→ What to work on:
An exact transcription is needed of the lines below from the one with "Polar Bear Throw" through the one with "Francesca Muolo", with no other lines and no pictures.

→ Extracted records:
---
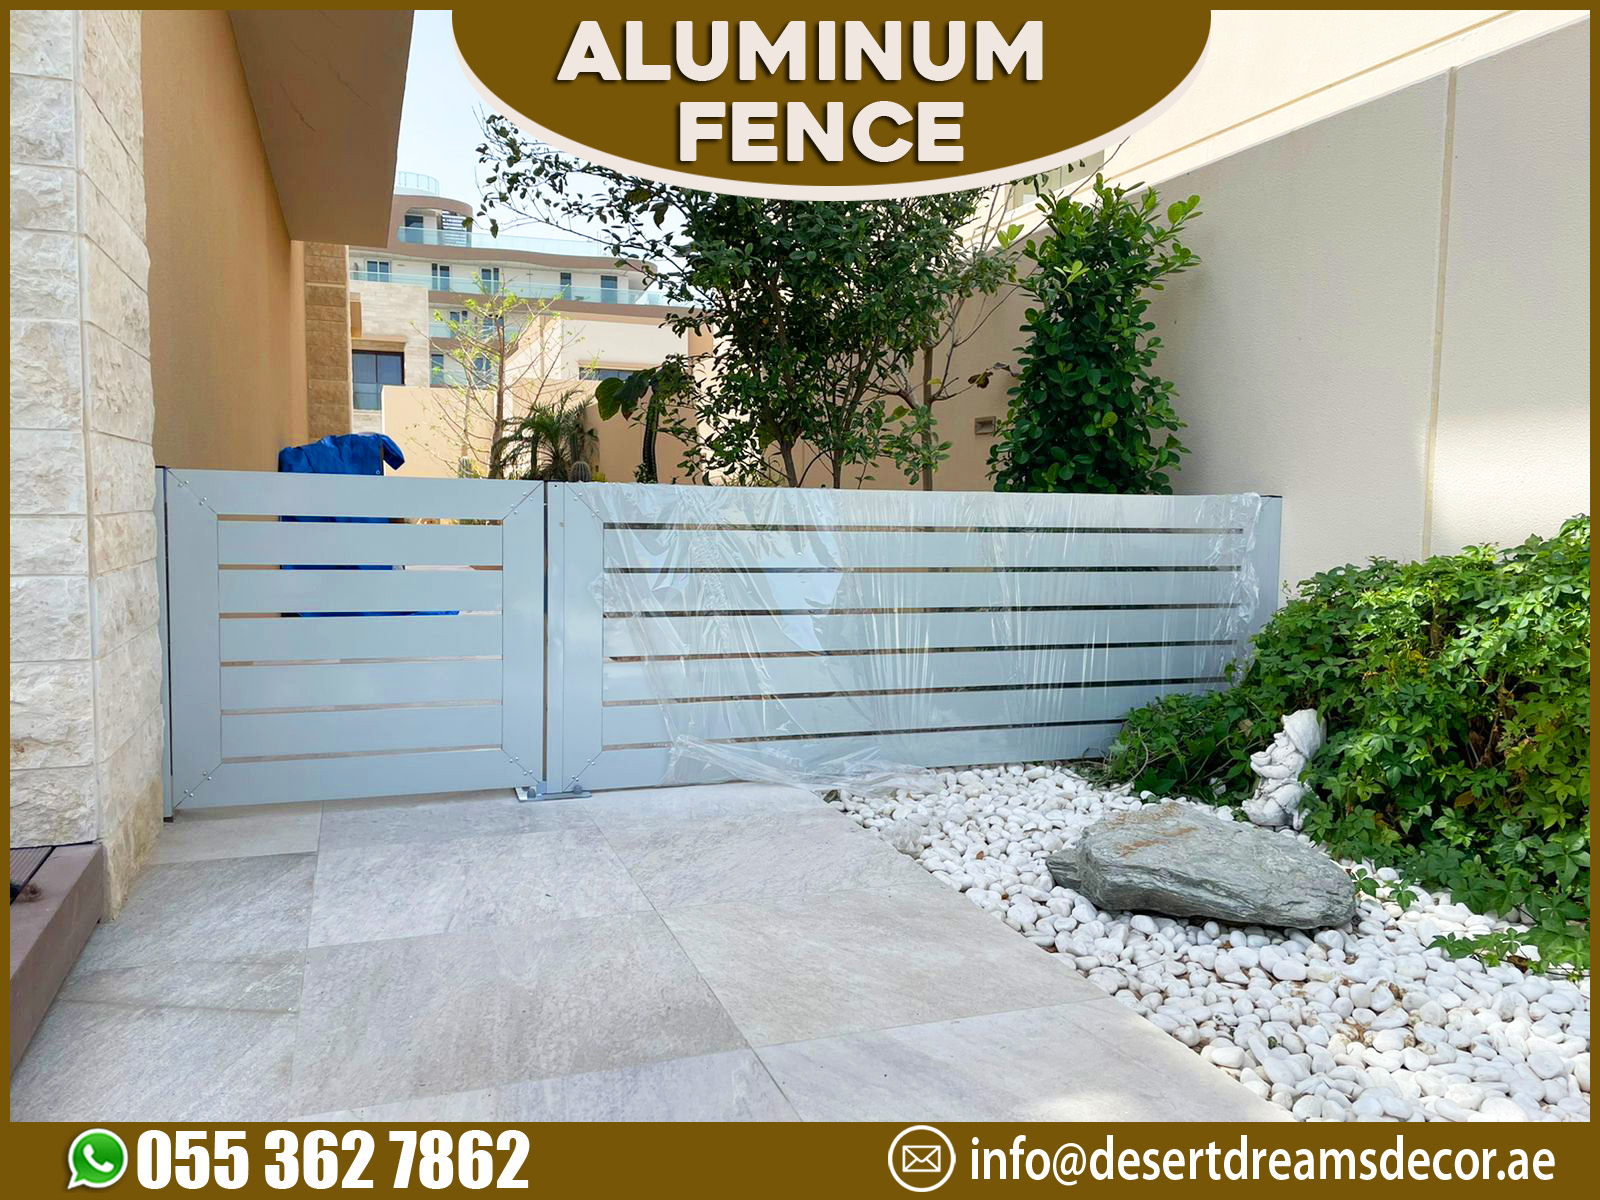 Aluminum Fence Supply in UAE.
---
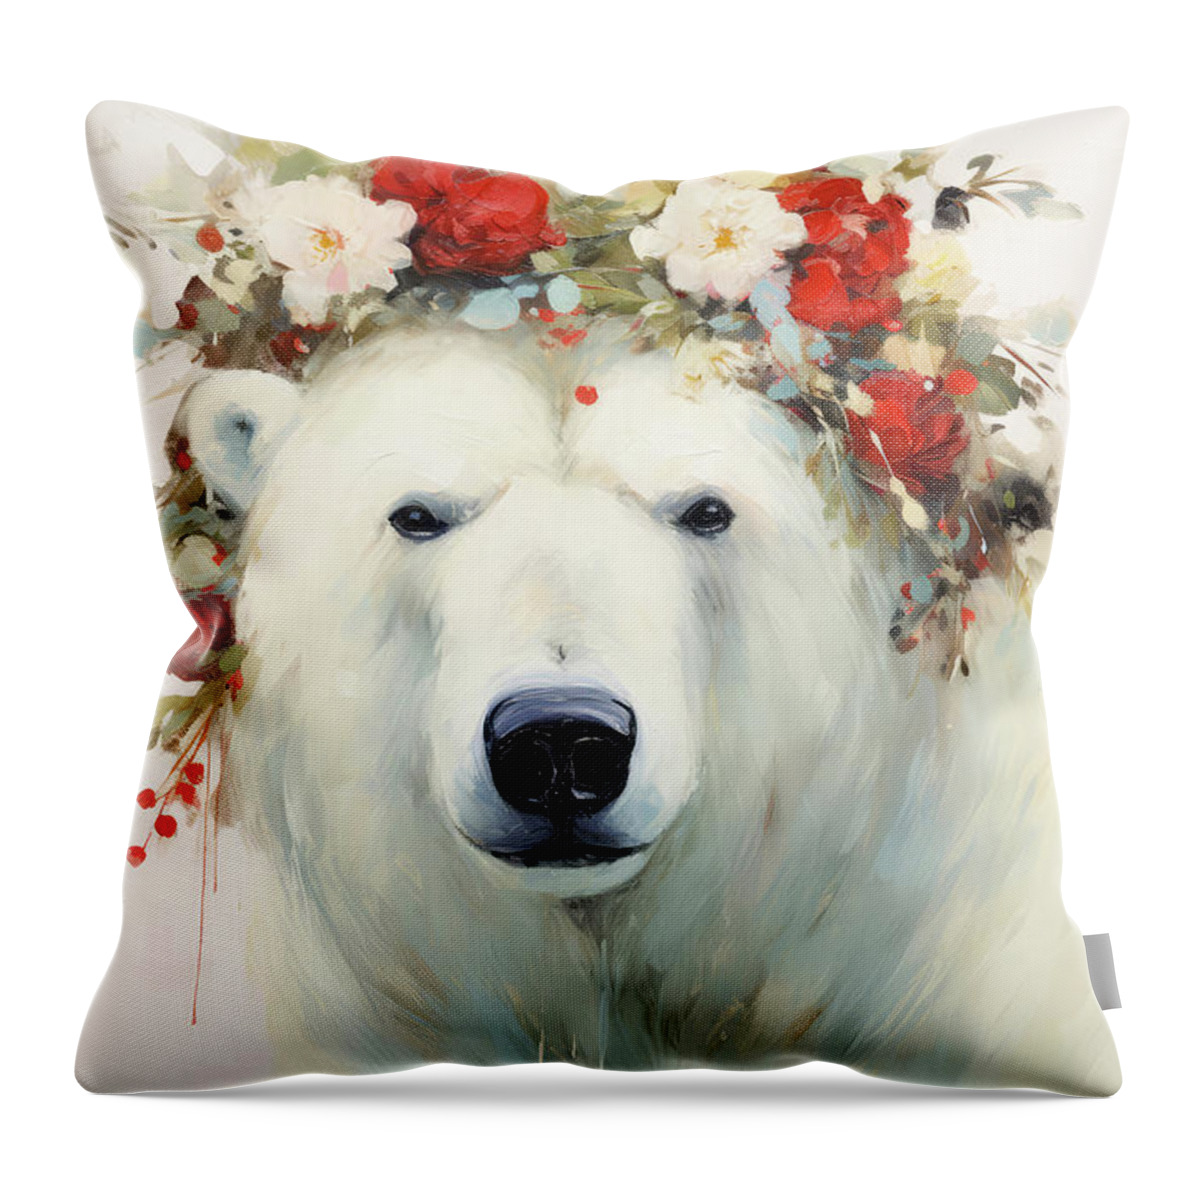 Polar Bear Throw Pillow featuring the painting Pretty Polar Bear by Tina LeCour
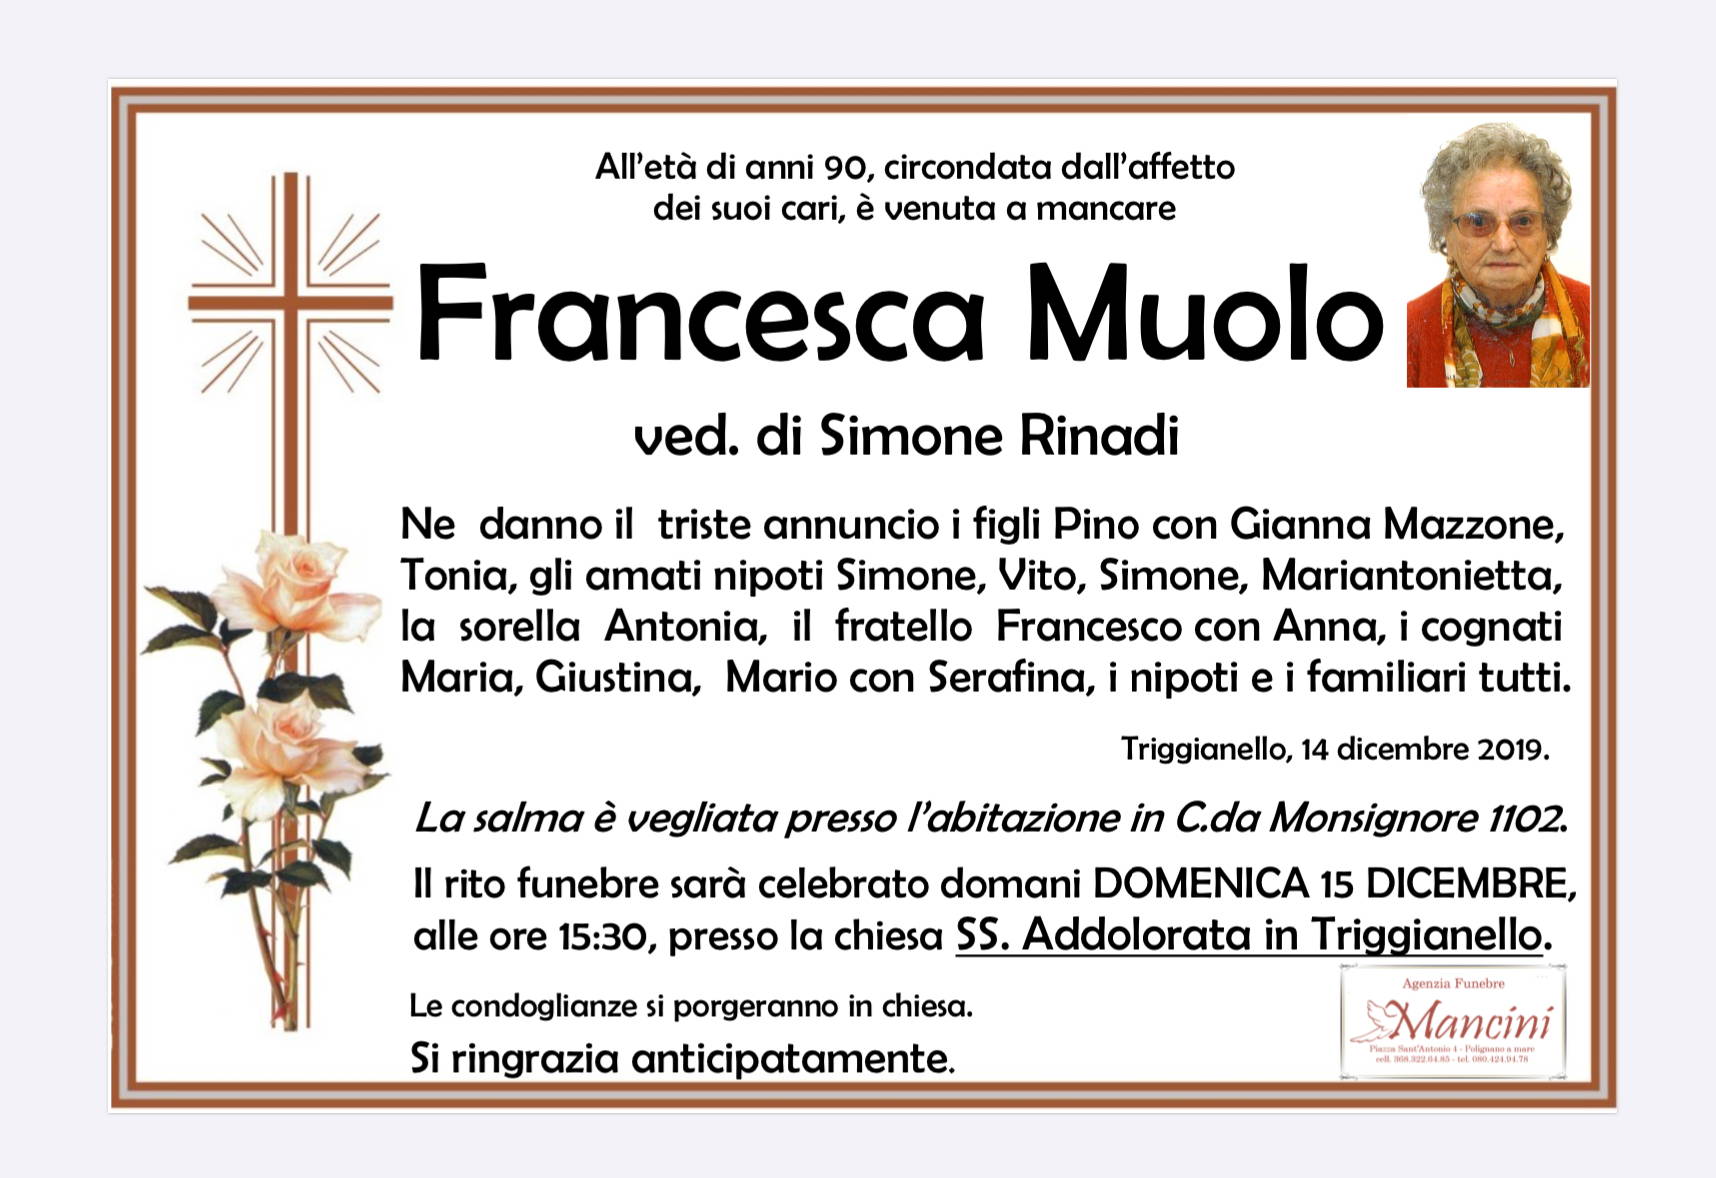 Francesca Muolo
---
→ Answer to this problem:
 Polar Bear Throw Pillow featuring the painting Pretty Polar Bear by Tina LeCour
 Francesca Muolo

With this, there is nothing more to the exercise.